We recently enjoyed the 2020 SciPy conference from the comfort of our own homes this year. The 19th annual Scientific Computing with Python conference was a virtual conference this year due to the global pandemic. The annual SciPy Conference brought together over 1500 participants from industry, academia, and government to showcase their latest projects, learn from skilled users and developers, and collaborate on code development.

As part of the maintainers track we presented an update on Dask.

## Video

You can find the video on the SciPy YouTube channel. The Dask update runs from 0:00-19:30.

<iframe width="560" height="315" src="https://www.youtube.com/embed/XC0M76CmzHg" frameborder="0" allow="accelerometer; autoplay; encrypted-media; gyroscope; picture-in-picture" allowfullscreen></iframe>

## Slides

<script async class="speakerdeck-embed" data-id="ae0f04df5b7341eaa3e2989221be1889" data-ratio="1.77777777777778" src="//speakerdeck.com/assets/embed.js"></script>

## Talk Summary

Here's a summary of the main topics covered in the talk.
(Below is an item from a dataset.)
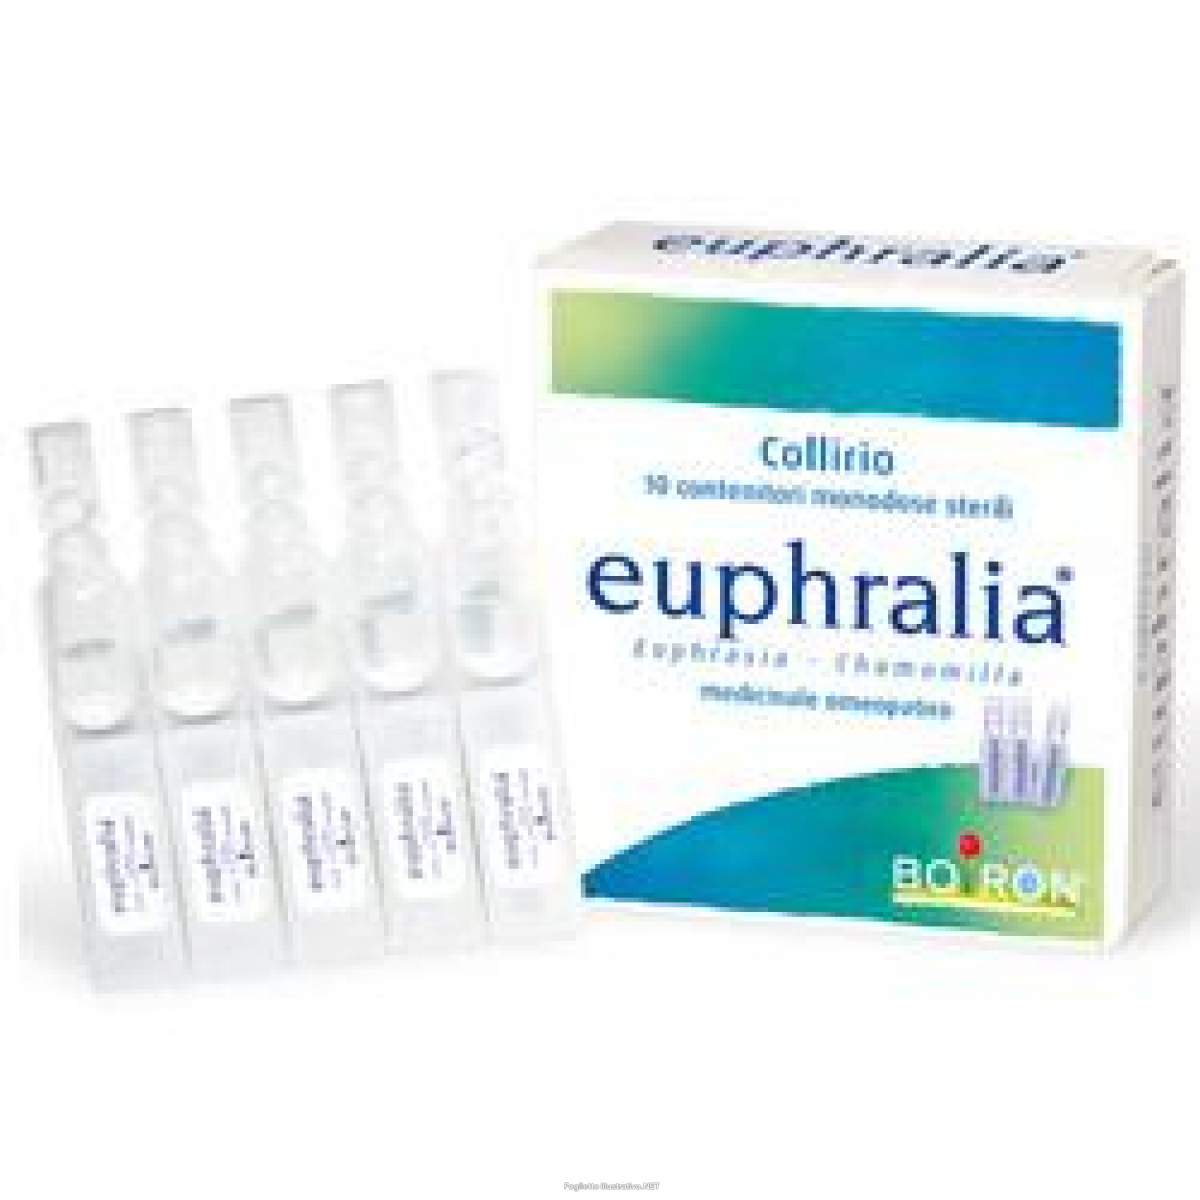 Acquista Online euphralia collirio omeopatico 10 fialette monodose 0,4 ml e Cerca l'offerta più bassa

You can also check out the [original thread on Twitter](https://threadreaderapp.com/thread/1280885850914553856.html).

### Community overview

We've been trying to gauge the size of our community lately. The best proxy we have right now is the number of weekly visitors to the [Dask documentation](https://docs.dask.org/en/latest/). Which currently stands at around 10,000.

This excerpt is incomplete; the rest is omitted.